_Data extract_:
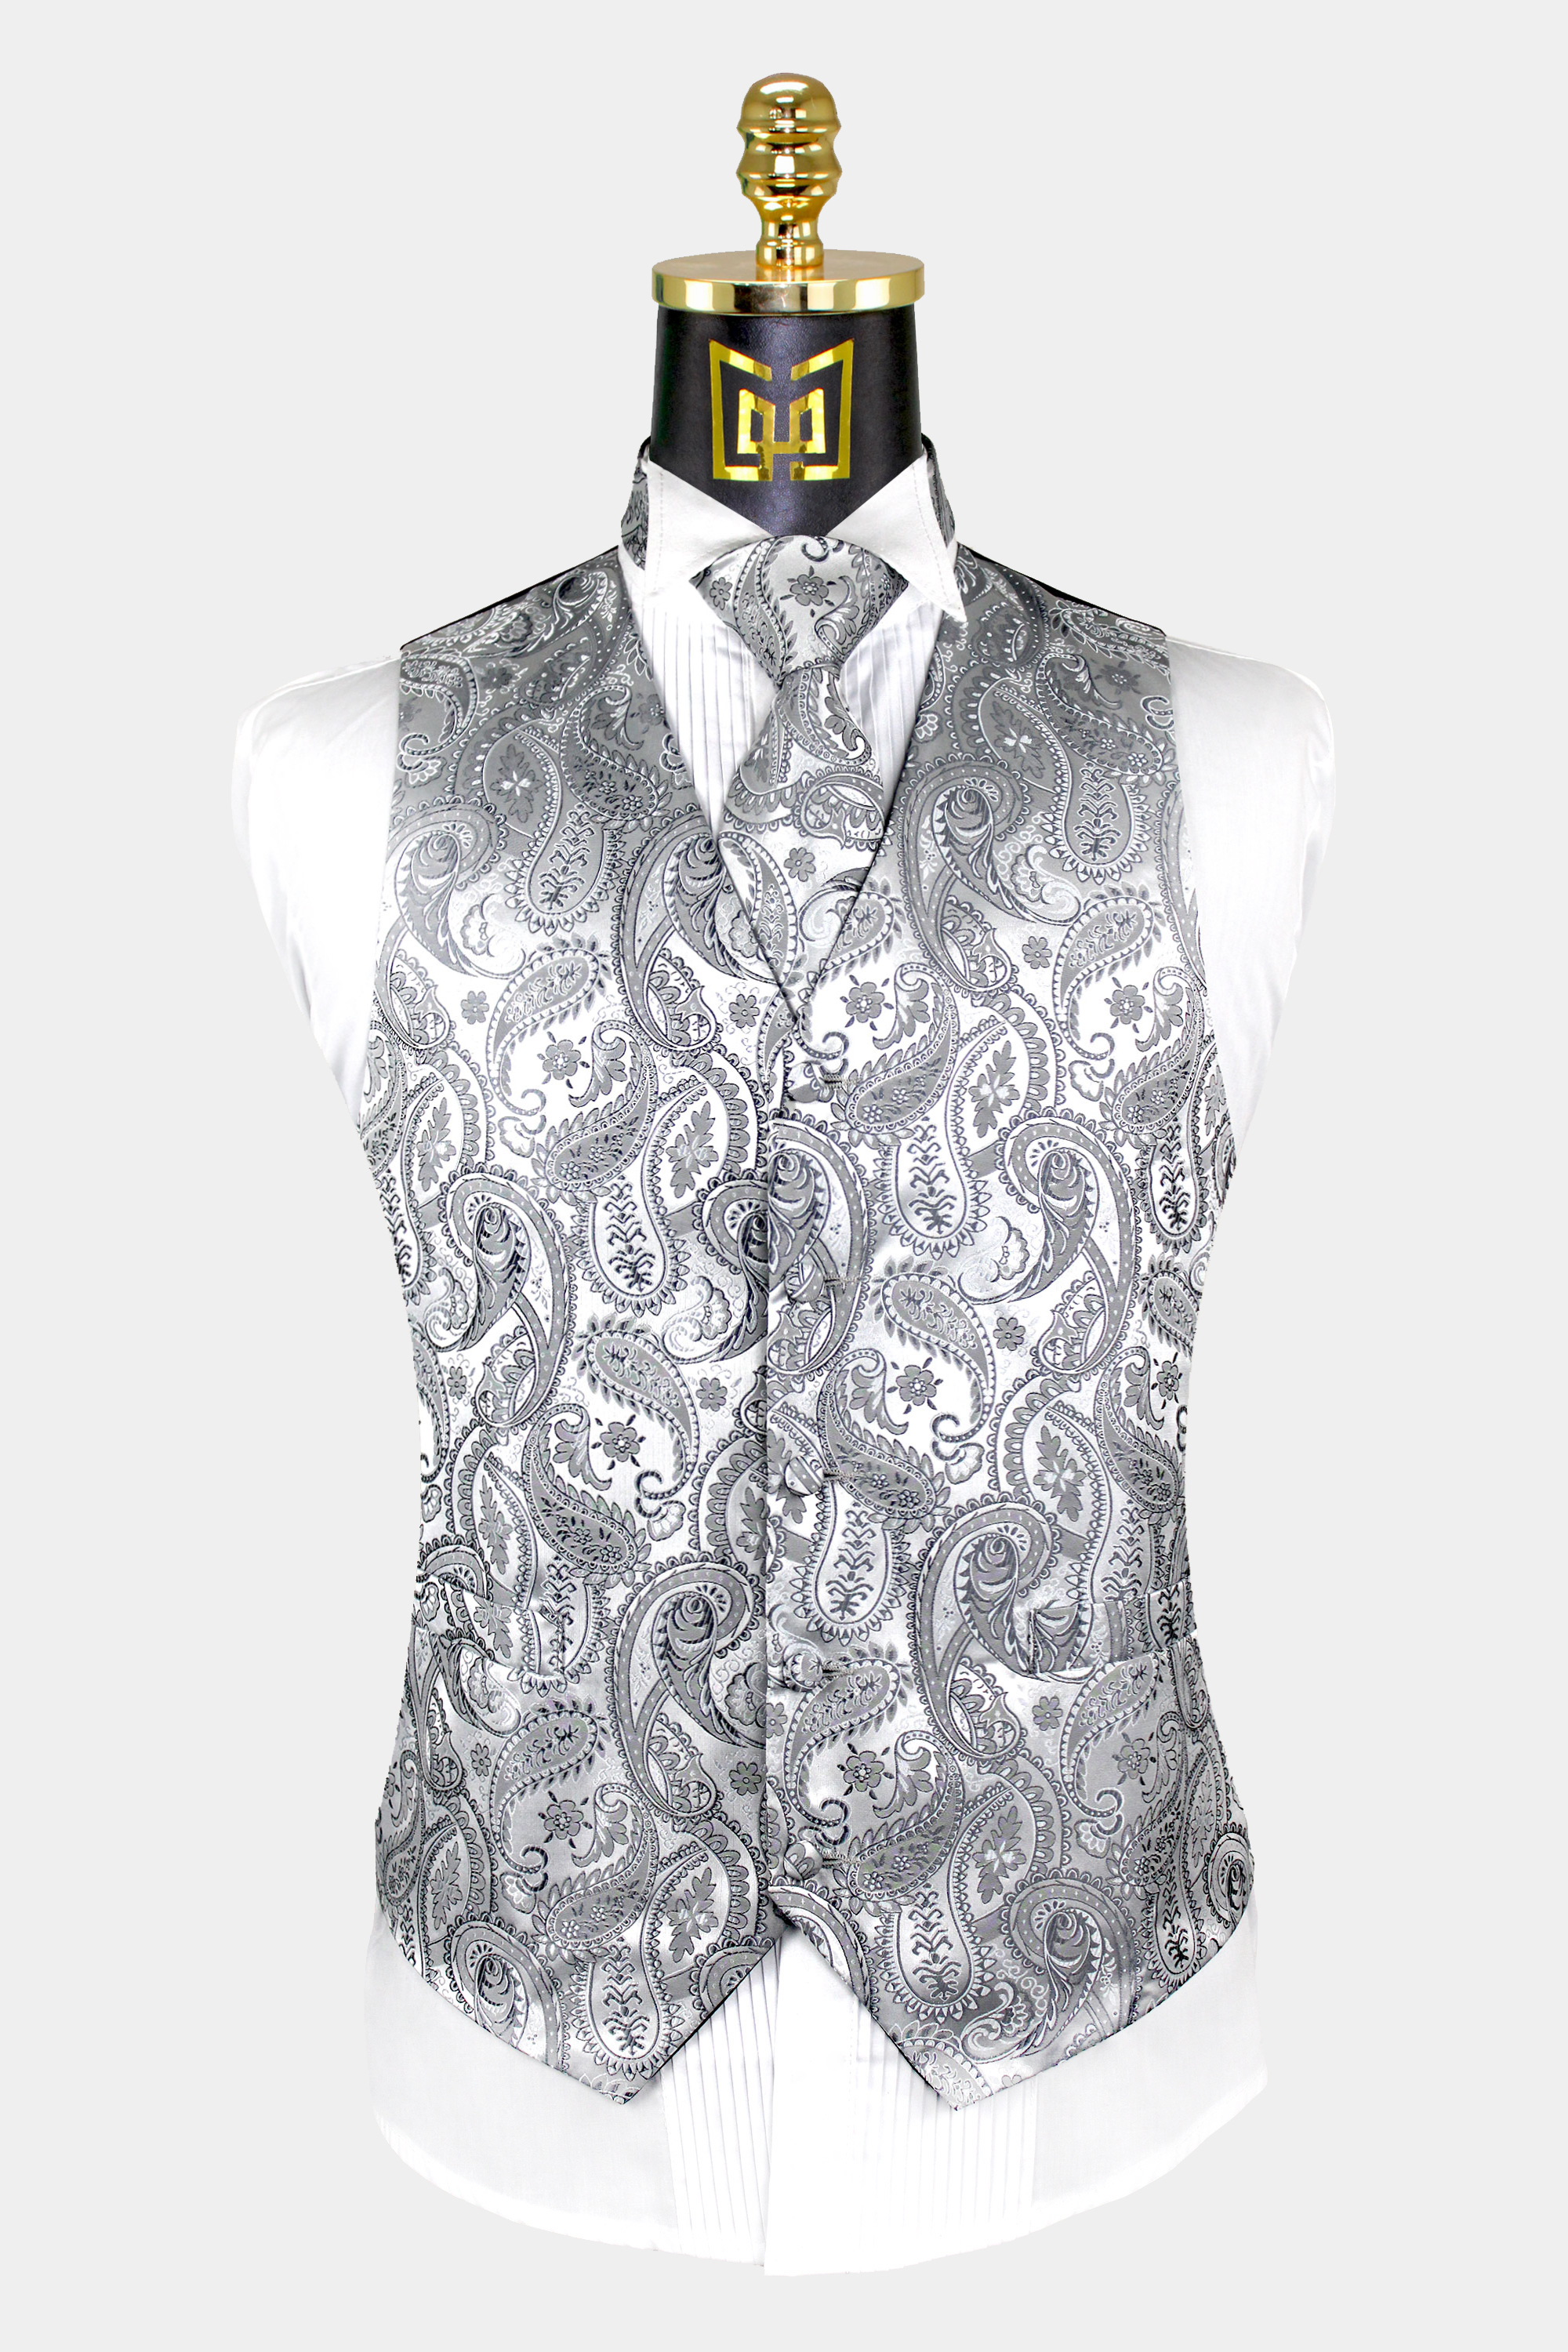 Mens-Silver-Paisley-Vest-and-Tie-Set-Groom-Wedding-Tuxedo-Vest-from-Gentlemansguru.com
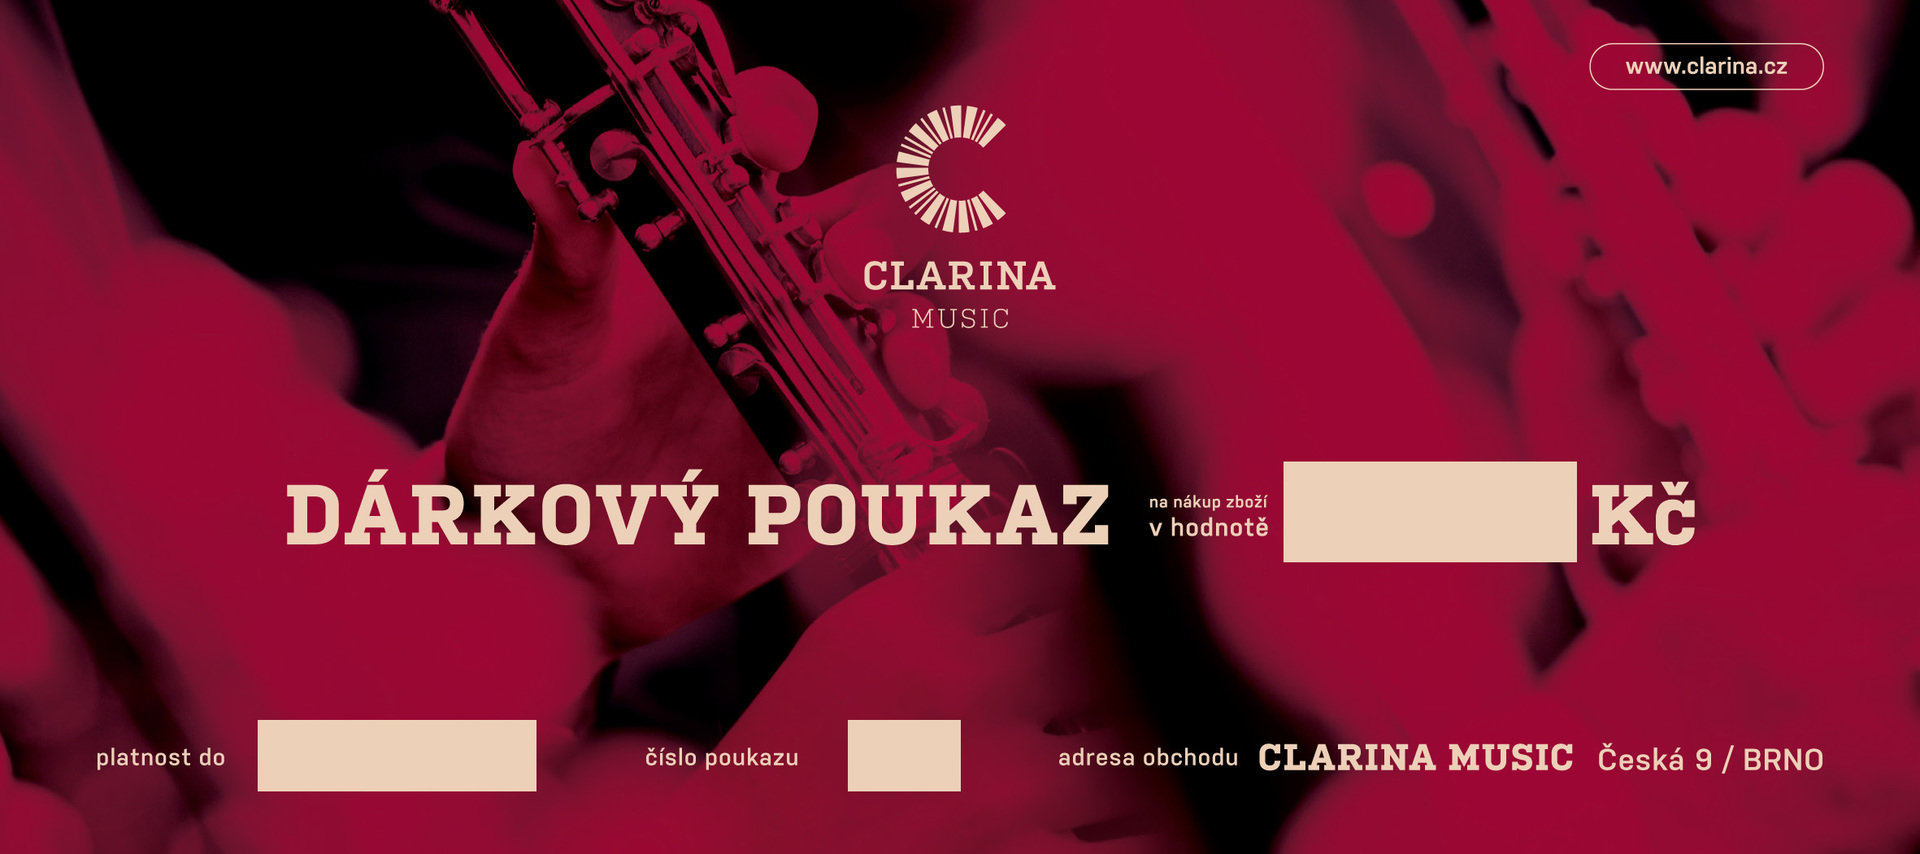 Clarina Music Dárkový poukaz 1500 Kč
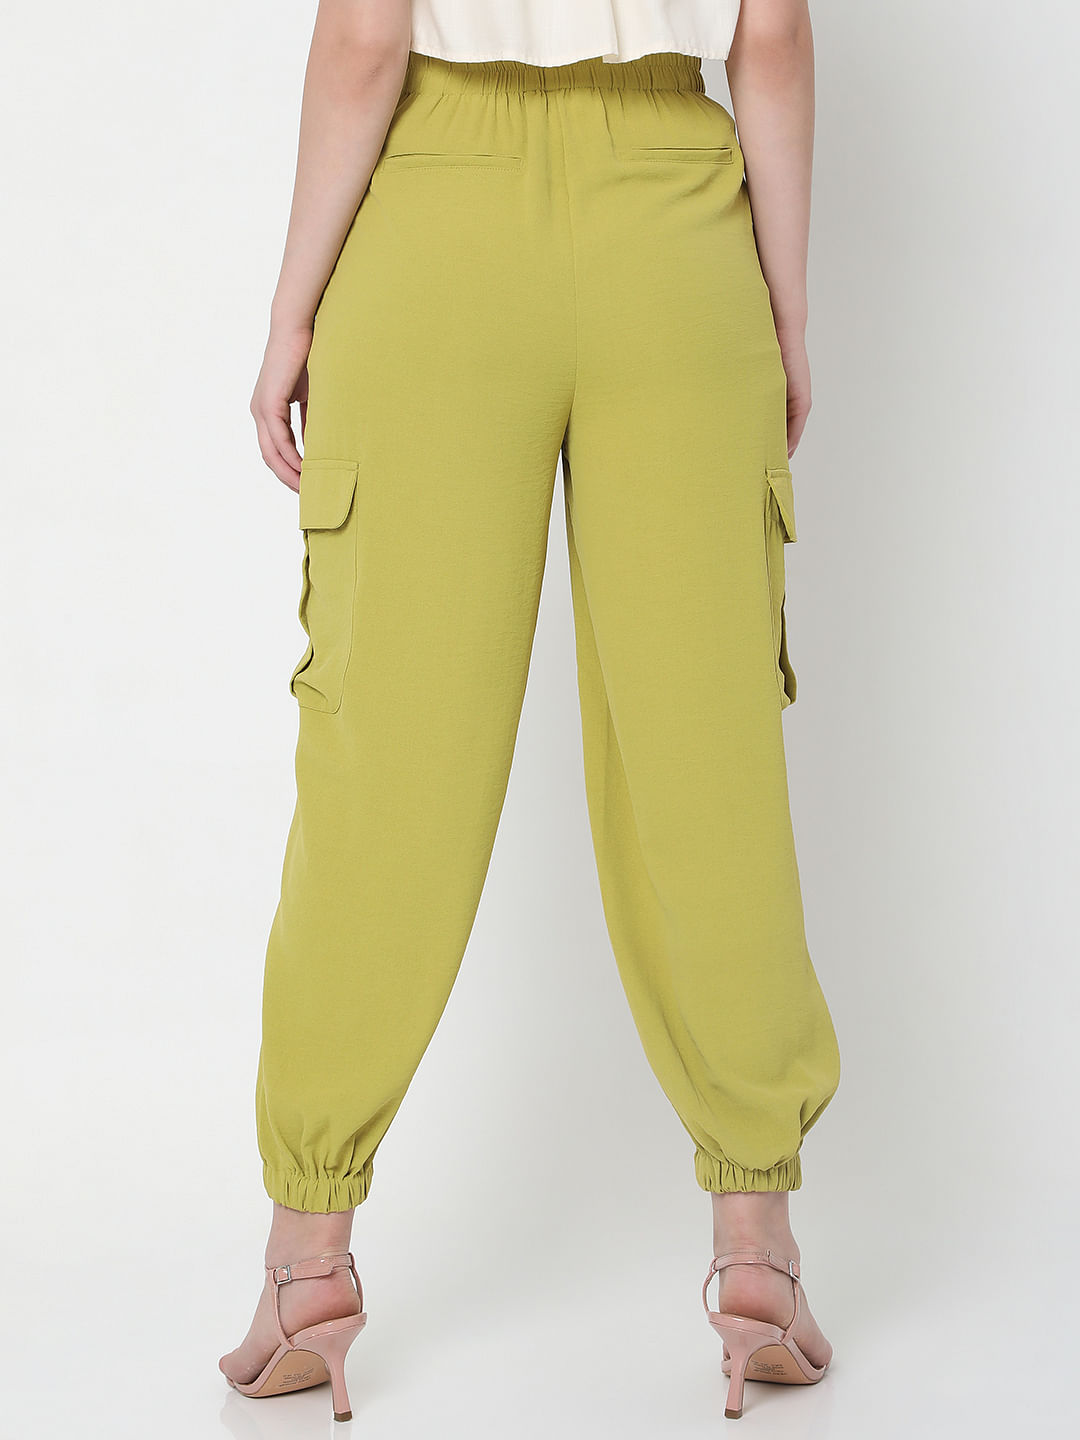 Buy Green Trousers  Pants for Women by Oxxo Online  Ajiocom

_About this task_:
Give again the lines from the line that contains "Clarina Music Dárkový poukaz 1500 Kč" through the last line of the material above, exactly and with both ends included. Omit the pictures.

_Answer to this exercise_:
 Clarina Music Dárkový poukaz 1500 Kč
 Buy Green Trousers  Pants for Women by Oxxo Online  Ajiocom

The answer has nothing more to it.